Dans un tout autre registre est paru chez Sémaphore, en 2022, l’ouvrage de Jean-Benoit Cloutier-Boucher intitulé Boire la mer les yeux ouverts. Ce livre n’a rien de gai, sinon que l’auteur s’admet tel devant sa mère avec laquelle il connaît un amour fusionnel. Atteinte de la sclérose en plaques depuis la prime enfance de son fils, la mère n’aura connu de plus fidèle compagnon que lui. L’ouvrage est composé de textes tous brefs, en prose ou poétiques, semés de dialogues et de réflexions. Il s’en dégage une sensibilité extrême, fine, exacerbée parfois par les regrets de l’auteur de ne pas avoir pu se montrer toujours à la hauteur : « Ta voix est un lointain écho. Je m’en procurerais des échantillons pour ne pas que tu t’effaces ».
La quête de l’autre refait surface dans Les garçons interludes de Victor Bégin (Hamac, 2022). L’auteur se souvient des garçons qui ont peuplé sa quête, ces « garçons fuyards pâles comme la brume », « qui cherchent un réconfort rapide et éphémère ». Rencontres fortuites, baises d’un soir, passionnées. Devant ce cumul, Bégin éprouve parfois une certaine tristesse, mais il ne regrette rien ; il apprend, dit-il, « la géographie du désir ». D’habiles illustrations de Cole Degenstein ponctuent le tout.
Précédemment, soit en 2021, chez Tryptique, Gabriel Cholette avait signé Les carnets de l’underground, ouvrage dans lequel il relate le déroulement de scènes dont il avait publié des photos sur sa page Instagram. S’ensuivent des évocations de virées nocturnes dans les bars et les clubs de l’underground gai, à Berlin notamment. Dans les darkrooms de ces endroits où n’existe aucune limite, les relations sexuelles sont magnifiées par des drogues – allant de la kétamine au GHB, en passant par le LSD –, abondantes et consommées jusqu’au blackout. Cholette ne porte aucun jugement, il rend compte sans gêne : « Je tombe par terre. M’endors dans mon vomi ». Il se réserve toutefois une pointe d’humour dans la dédicace : « N’envoyez pas ça à ma mère ». À cet ouvrage, Jacob Pyne joint des illustrations, souvent explicites, réalisées à partir de photographies.

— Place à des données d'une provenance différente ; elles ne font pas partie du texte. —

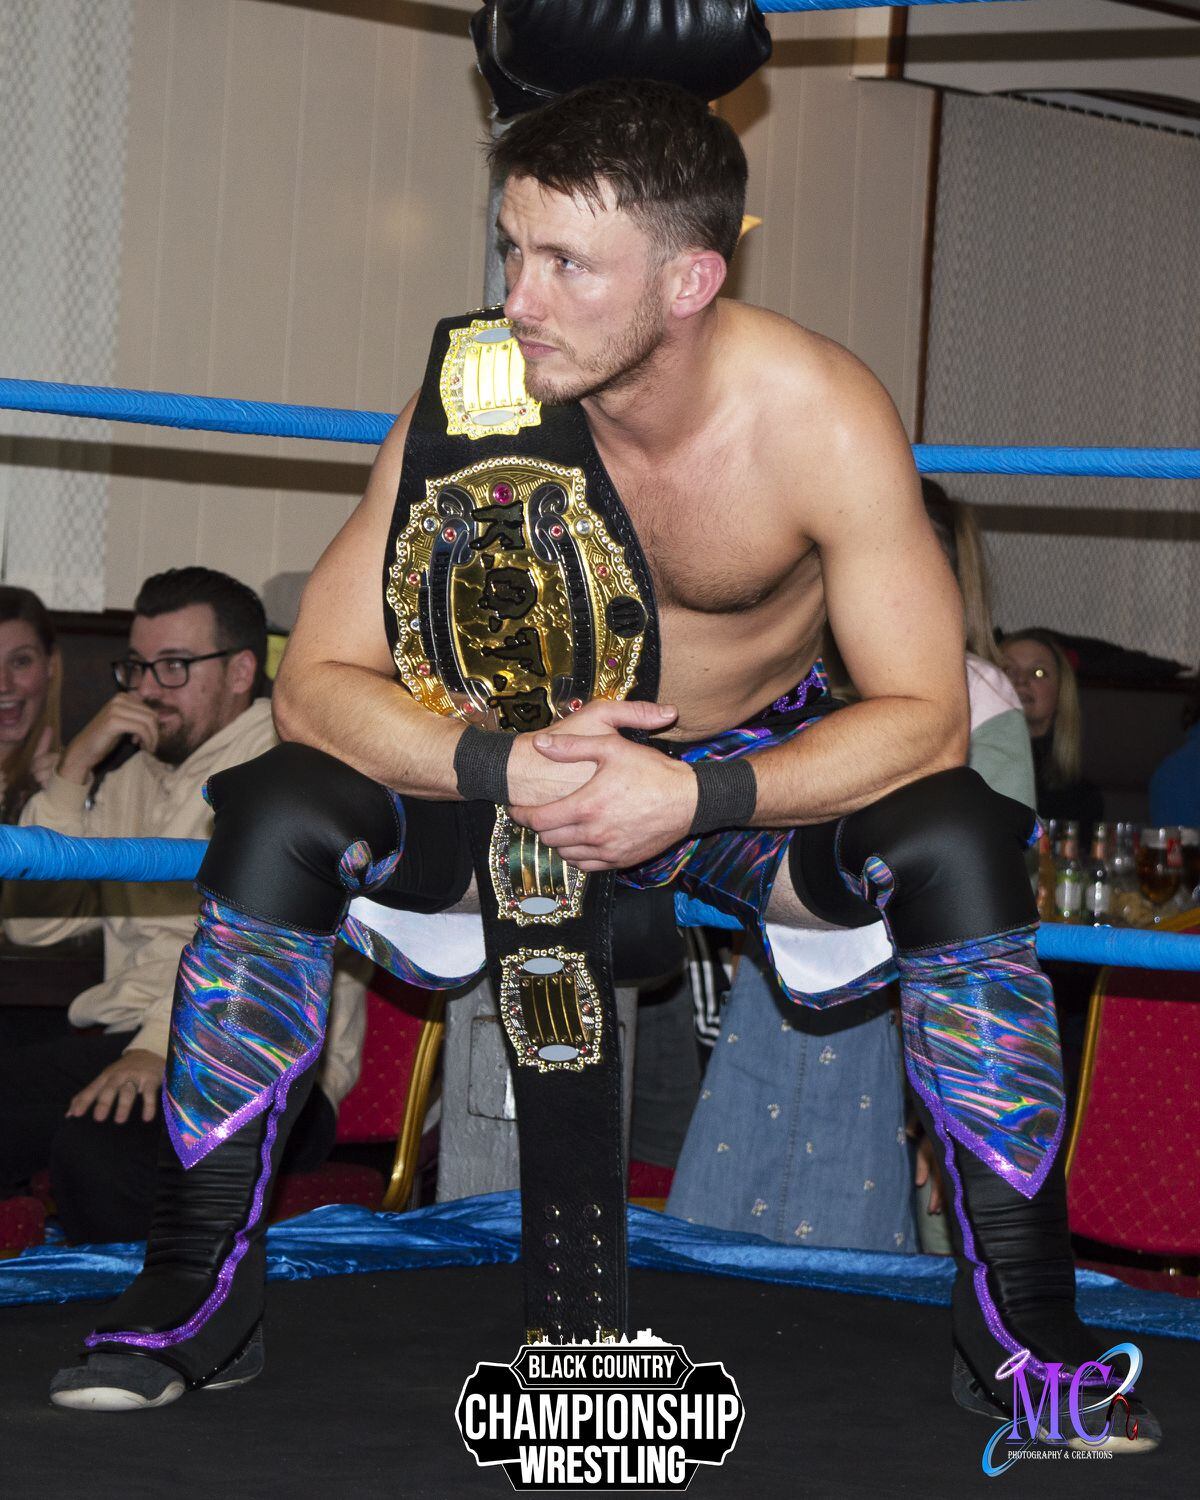 Lucas Casmere is the current King of the Division champion. Photo: MC Photography and Creations

Des pissoirs et des bars gais de New York aux darkrooms de Berlin, de la honte au constat, voilà le cheminement que la littérature québécoise à thématique gaie a parcouru.
Enfin, comment ne pas conclure par l’essai intitulé « Narcisse et Zéa », contribution de Gabriel Cholette à l’ouvrage collectif L’artiste et son œuvre (dirigé par Jérémie McEwen et publié chez XYZ en 2022) ? Le narrateur (soit « moi », Cholette) rappelle, dans une conversation avec sa copine Zéa (celle du titre), que Sigmund Freud associait l’homosexualité au narcissisme. Le mythique Narcisse, auquel le terme « narcissisme » renvoie, se serait suicidé parce qu’il ne pouvait pas se conformer à ce que son reflet représentait, soit les attentes de la société (hétérosexuelle).
Serait-ce pourquoi tant de gais cherchent à se comprendre par rapport à la société majoritaire et les écrivains gais, à en rendre compte par des récits intimistes ? Le narrateur (Cholette) en arrive à croire, en effet, que la difficulté à se conformer aux attentes de la société explique « qu’il y ait autant d’homosexuels qui soient devenus créateurs ; des experts du récit de soi, pis, des fois, du récit tout court ».
La boucle serait donc bouclée.
1. Voir J. R. Léveillé, « Rossel Vien, oublié au Québec, méconnu au Manitoba », Nuit blanche, no 157, p. 26-29.